ONCE UPON A TIME… THE MAD ADVENTURES OF RABBI JACOB
Director | Auberi Edler |
Writers | Auberi Edler, Serge July and Marie Genin |
Image | Franck Brisset |
Sound | Thierry Blandin, Denis Lepeut |
Editing | Alexandre Landreau |
Length | 52 minutes |
Format | 16/9 |
Version | French |
Broadcasters | France 5, TCM |
Protagonists:
- Radu MIHAILEANU, director and scriptwriter
- Danièle THOMPSON, co-screenwriter
- Josy EISENBERG, co-screenwriter and rabbi
- Henri GUYBET, actor
- Gérard CHALIAND, sociologist
- Benjamin STORA, historian
- Vladimir COSMA, composer
- POPECK, actor
Portrait of a film : Gérard Oury directs The Mad Adventures of Rabbi Jacob in 1973. Louis de Funès, incarnating his usual character – authoritarian and terrorizing everyone around him – a role exacerbated by racism and anti-Semitism, must conspire with an Arab leader and disguise himself as an orthodox rabbi. More than 7 million people bought a ticket to watch this fable about learning tolerance. After being called a pornographer, Gérard Oury had to renounce filming in New York in the orthodox Jewish quarter. He will also be forced to give up the rue des Rosiers in Paris for a neighbourhood in Saint-Denis.

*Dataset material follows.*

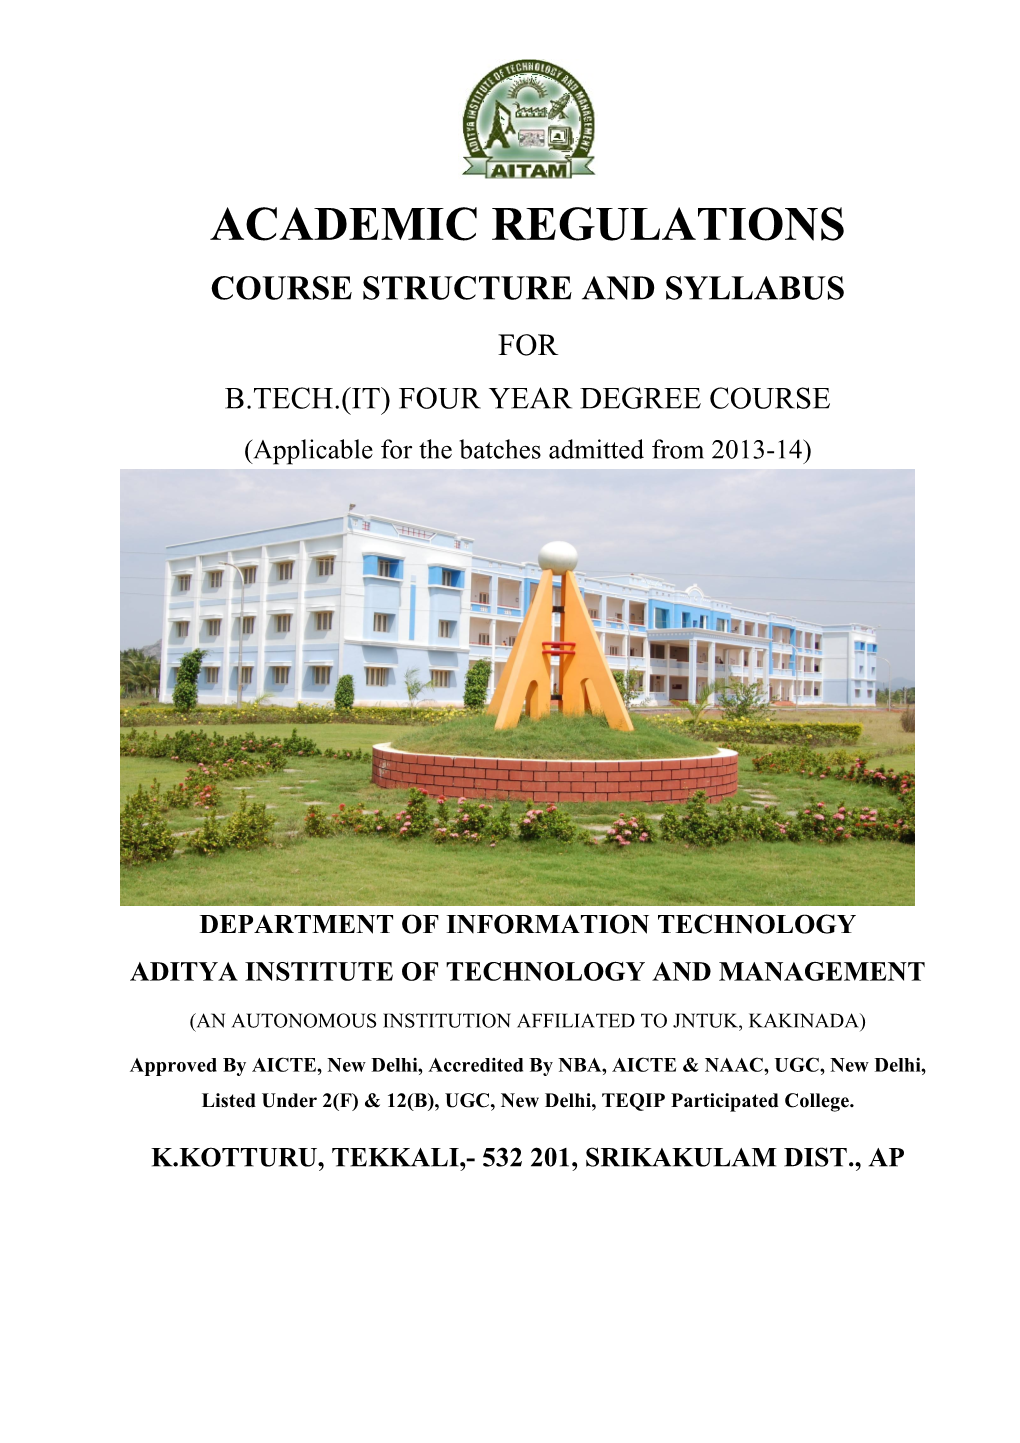 Course Structure and Syllabus

Portrait of an era: the script is written at the time of airplane hijackings by the Palestinians and during the Munich Olympics hostage crisis. The film is released in October 73, two weeks after the start of the Yom Kippur War. The wife of film distributor Georges Cravenne, is opposed to the release of the film, attempts to hijack the Paris-Nice flight and is shot dead by the police.
Portrait of a filmmaker: Gérard Oury (1919-2006), who directed 17 films including Le Corniaud and La Grande Vadrouille, loved fables, vaudeville in cinema, and actors paired as antagonistic opposites.